In the classic NGS protocols, adapters are ligated onto shared double-stranded DNA fragments. However, a major drawback of this approach is the loss of information on transcriptional direction. Pre-treat the RNA samples with sodium bisulphate can convert the cytidine into uridine. Widespread C-T transition thereby marks the coding stand of each transcript. Some other methods that maintain strand-specificity have been proposed, such as direct ligation of RNA adaptors to the RNA sample before reverse transcription.
The RNA-seq is currently dominated by three different platforms: Illumina (Genome Analyzer and HiSeq), Applied Biosystems SOLID, and Roche 454 Life Science systems. Read lengths range from 30-100 bp for Illumina and SOLiD, and 200-500 bp for 454 pyrosequencing system. 454-based RNA-seq is particularly attractive for non-model organisms without reference genomes or transcriptomes. Longer reads or paired-end short reads can reveal connectivity between multiple exons. RNA-seq is a powerful method to study complex transcriptomes and reveal sequence variations in the transcribed regions.
Figure 3. A typical analysis pipeline of RNA-seq data.
Quality assessment is the first step for the bioinformatics analysis of RNA-seq, which ensures a coherent final result by removal of low-quality sequences, over-represented sequences, and adapter sequences.

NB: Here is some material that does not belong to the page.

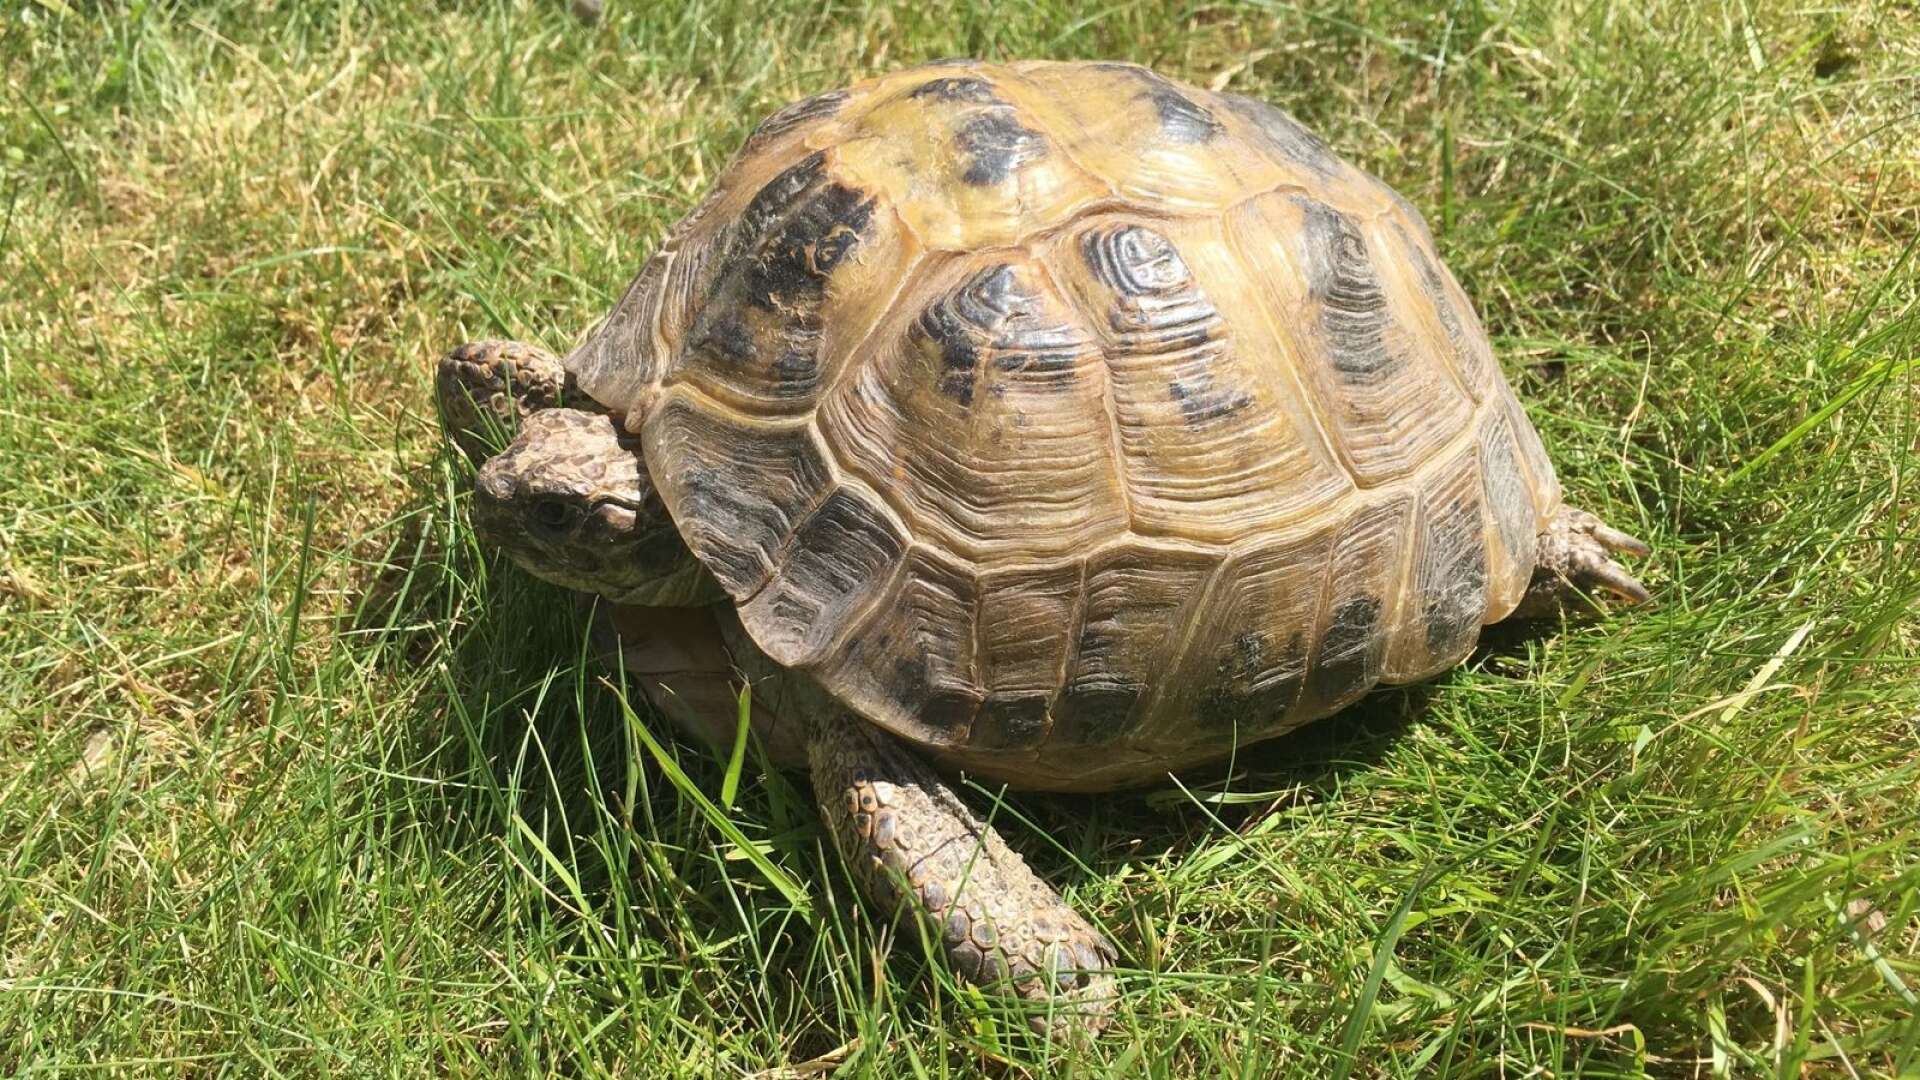 Sköldpaddan Musse har varit försvunnen i mer än en vecka. Nu vädjar familjen Nyholm att allmänheten ska höra av sig om man hittar en sköldpadda i Karlstad.

Once all reads have been filtered and mapped or assembled, gene expression levels can thus be inferred, leading to a genome-scale transcriptome map in terms of quality and quantity. RNA-seq also allows detecting differential expression (DE) across treatments of conditions. Normalization has to be conducted to adjust the differences between samples such as library size and gene-specific features. Furthermore, RNA-seq enables us to identify SNPs, fusion genes, and post-transcriptional gene regulation, such as RNA editing, degradation, and translation.